Thursday, July 23, 2015

The Hitchcock Project-Robert C. Dennis Part One: "Don't Come Back Alive" [1.4]

Although Henry Slesar was involved as a writer in the most episodes of the Hitchcock series overall--47--he actually wrote or co-wrote teleplays for only 24 of the half-hour episodes and nine of the hour episodes. An argument can be made that Robert C. Dennis, who wrote teleplays for 30 of the half-hour episodes, all in the first four seasons, was a more prolific contributor to Alfred Hitchcock Presents than Henry Slesar. Dennis was very involved in setting the tone for the series in its early years; in fact, his last teleplay for Hitchcock was in season four, while Slesar's first was in season five. In a sense, Slesar picked up where Dennis left off as the show's most frequent writer.

In this series, I will review each of the episodes of Alfred Hitchcock Presents written by Robert C. Dennis. Four of his teleplays have already been covered in my series on other writers. It's interesting to note that only two episodes were based on short stories by Dennis; the other 28 were his adaptations of short stories by other writers.

Robert C. Dennis was born in 1920 in Ontario, Canada, and came to the U.S. in 1936. He began selling stories to the pulps in the late 1930s (the Fiction Mags Index lists a story as early as 1939) and continued until the early 1950s, selling over 150 stories to magazines. He wrote more than 40 radio plays and, in the early 1950s, when other pulp writers were turning to slicks, digests, or paperbacks, Dennis began writing for television. This became the main focus of his career and he is credited with over 500 teleplays from 1950 to 1983. He wrote a handful of movie scripts, but episodic TV was his bread and butter. He created two syndicated series in the 1950s: China Smith, which ran 52 episodes from 1952 to 1955, and Passport to Danger, which ran 39 episodes from 1954 to 1956.

From the original pulp
He is said to have invented the "teaser," the short scene at the start of a TV show that captures the viewer's attention and ensures he or she will not change the channel during the first commercial break. In the early 1970s, he wrote two novels: The Scent of Fear (1973) and Conversations With a Corpse (1974). He was a founding member of the Los Angeles chapter of the Mystery Writers of America and he died in 1983.

The first episode of Alfred Hitchcock Presents to be written by Robert C. Dennis was "Don't Come Back Alive," which was only the fourth episode to be broadcast, going out over the airwaves on the CBS network on Sunday, October 23, 1955. It was based on Dennis's own short story of the same name that was first published in the November 1945 issue of Detective Tales. As the story opens, Frank Partridge, the narrator, insists that he is not a criminal, though the police think that he killed his wife seven years ago in 1938, when she disappeared.
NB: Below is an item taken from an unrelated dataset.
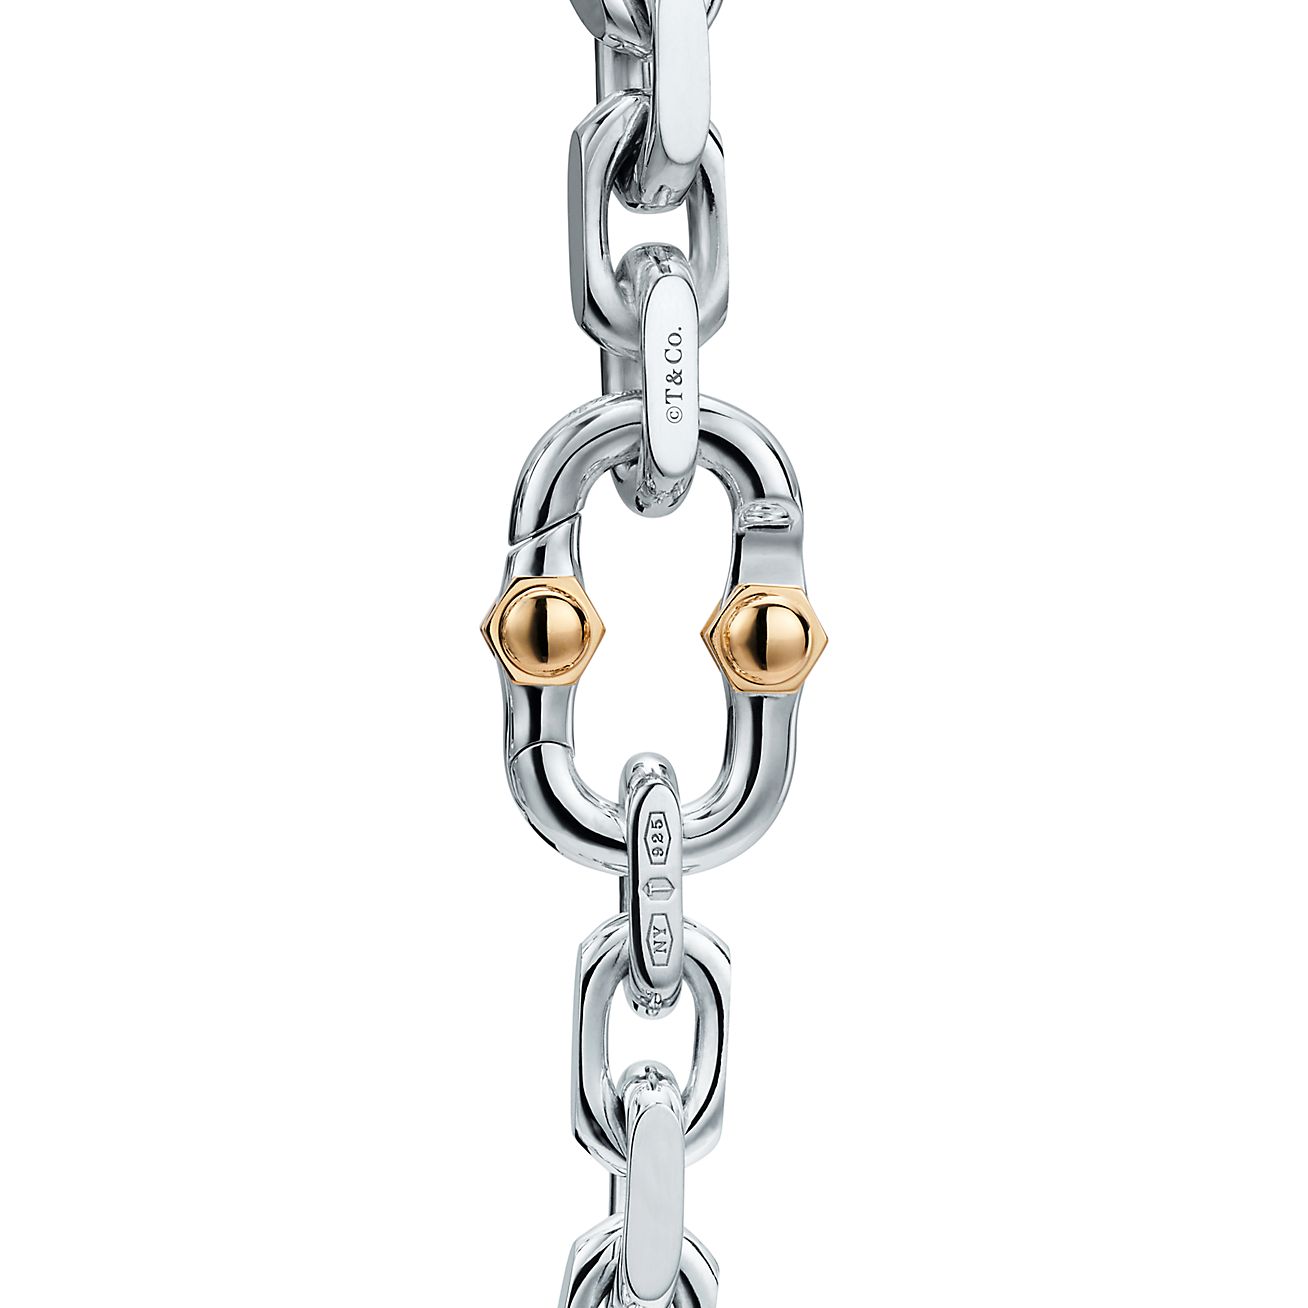 Tiffany 1837® Makers wide chain bracelet in sterling silver and

Back in 1938, Frank is 39 years old and expects war to break out any day. He and his wife Mildred worry that war will be followed by another depression and wonder how they will survive. Frank thinks of the $10,000 life insurance policy that he bought for his wife and suggests that she disappear for seven years so that he can have her declared legally dead and they can collect the life insurance.

Sidney Blackmer as Frank
Mildred disappears and the police suspect Frank of murder. Detective Kettle is on the case and searches everywhere for the missing woman's body, even having workmen dig up Frank's garden. As the years pass, war does break out and Frank and Mildred manage to see each other occasionally on the sly. Kettle retires and buys a house on the same block as Frank.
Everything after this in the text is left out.